Я допил молоко и заговорил, опередив открывшую было рот Мари:

— Кстати, а что там с полицией по поводу покушения? Свой рассказ я оставлю на потом. И должок верну, и мыслями своими поделюсь. Буду признателен, если ты первой ответишь на мои вопросы.

Глядя на меня с жалостью, она медленно покачала головой:

— Какой же ты все-таки мальчишка. Только и умеешь, что требовать.

— Может, это все же лучше, чем в твоем мире, где только и надо уметь, что изворачиваться и хитрить.

— Твоя наглость не знает границ. И что, твой характер уже никак не исправить? — Не дождавшись ответа, она с отчаянием вздохнула: — Тут вот какая штука: формально никакого покушения не было.

— Формально?

— Да. И это при том, что японская полиция считается одной из лучших в мире.

— То есть наши доблестные копы еще не знают об инциденте. Так?

Она кивнула:

— Похоже на то.

— Выходит, Нисина не пострадал?

— Его ранили. Но пуля, кажется, только оцарапала руку. Врач сказал, что через две недели будет как новенький. Насколько я знаю, ранение не доставляет ему никаких неудобств, он даже не скован в движениях. Пиджак, правда, наверняка пришлось выкинуть.

— Но если его осматривал врач, он не мог не догадаться о причине ранения. Он что же, не посчитал нужным сообщить в полицию?

— Ну, врачи всякие бывают.

— Хм, выходит, у этих парней куплены даже такие эксклюзивные медицинские услуги? — промолвил я.

— Выходит, что так, — сказала она.

— Но ведь во время покушения там наверняка было полно посетителей?

— Ты же знаешь, казино — вещь нелегальная.
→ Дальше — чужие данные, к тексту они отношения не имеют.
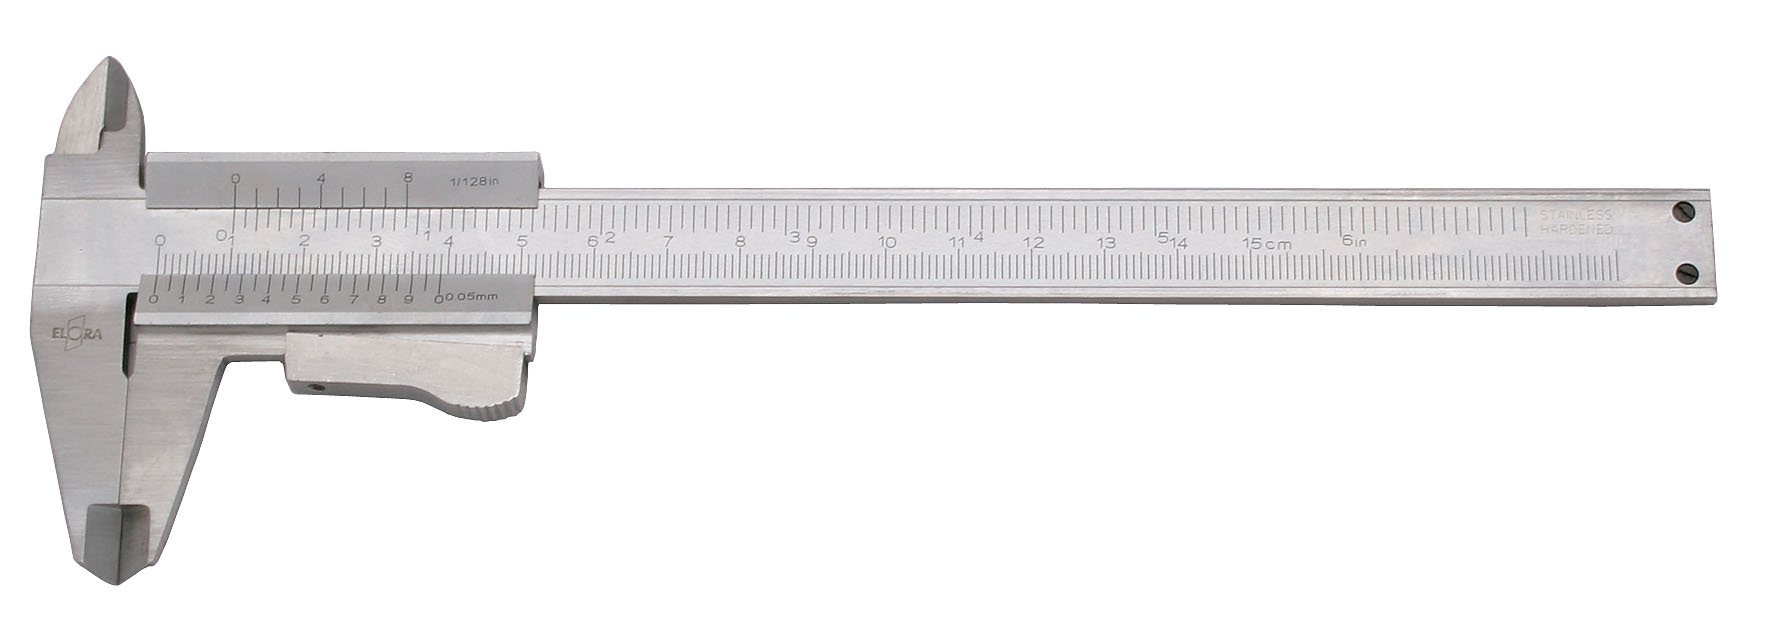 Elora Präzisions-Taschenmessschieber, Messbereich 150 mm, 1 Stück, 1512

Кому захочется добровольно светиться? Стрелявший скрылся. Все шито-крыто. Вот такие дела.

— А этот человек, который стрелял, как он выглядел?

— Говорят, самый обычный мужчина, по виду типичный клерк. Вроде бы совсем не похож на якудзу.

— Выходит, они поделились с тобой всеми этими подробностями?

— Ну… думаю, только малой их частью, но поделились, да. А может, это тоже послание тебе?

— Послание?

— Сегодня, когда я вернулась к себе в комнату, мне позвонил тот менеджер, его зовут Харада, и вызвал для разговора. Кстати, я только что от него, мы с ним сидели в кафе на Гиндзе. Он дал мне вот это. — Она вынула из сумки конверт и положила на стол. Банковский конверт. Довольно плотный.

— Что это?

— Выходное пособие.

— Выходное пособие?!

— Похоже, моя миссия закончилась. Мне сказали, что здесь миллион иен.

— Миллион иен?!

— Да что ты заладил как попугай! Хватит за мной повторять. Пожалуй, после месяца работы сумма действительно немалая.

— Немалая?! Я бы сказал, она вообще несопоставима со сроком твоей работы. Скажи спасибо, что тебя не слышат те, кого уволили по сокращению, — они разорвали бы тебя в клочья. Что же это за люди, не имеющие ни малейшего представления о кадровой политике?

— Я и сейчас не знаю, что это за люди. Не знаю, что у них на уме.

— Ты говорила о каком-то послании.

Она кивнула:

— Он сказал мне следующее: «Если вдруг случайно встретишь Дзюндзи Акияму, передай ему вот это». Слово в слово. Что ж, теперь хотя бы окончательно ясно, что они тебя знают и интересуются тобой.

Тонкая белая кисть прочертила дугу на поверхности стола. Передо мной легла визитная карточка. Те же иероглифы, что на визитке Мари, тот же дизайн. Офис Тадамити Нисины, секретарь Кунихико Харада. Только имя другое. Хотя есть и еще отличие — приписка сверху от руки:

«Приносим свои извинения за наш интерес к Вашим воспоминаниям».

Я так и эдак вертел карточку в руках, разглядывая эти строки, когда она спросила:

— Что это за воспоминания, о которых здесь написано? — Я не ответил, и она продолжила: — Знаешь, он совершенно не настаивал на моей встрече с тобой. Так что не спрашивай у меня, что он затевает. Не представляю, с какой целью он дал мне эту визитку. Я спросила, но он ответил, что раз я уволилась, то нас теперь ничто не связывает. Так ничего и не рассказал. Только еще раз напомнил насчет случайной встречи с тобой. Но… как бы получше выразиться? Это трудно объяснить, но у меня возникло ощущение, будто он поручил мне эту работу. Поручил поработать посыльной, понимаешь? Думаю, что-то такое он имел в виду. Пожалуй, из него вышел бы отличный психолог.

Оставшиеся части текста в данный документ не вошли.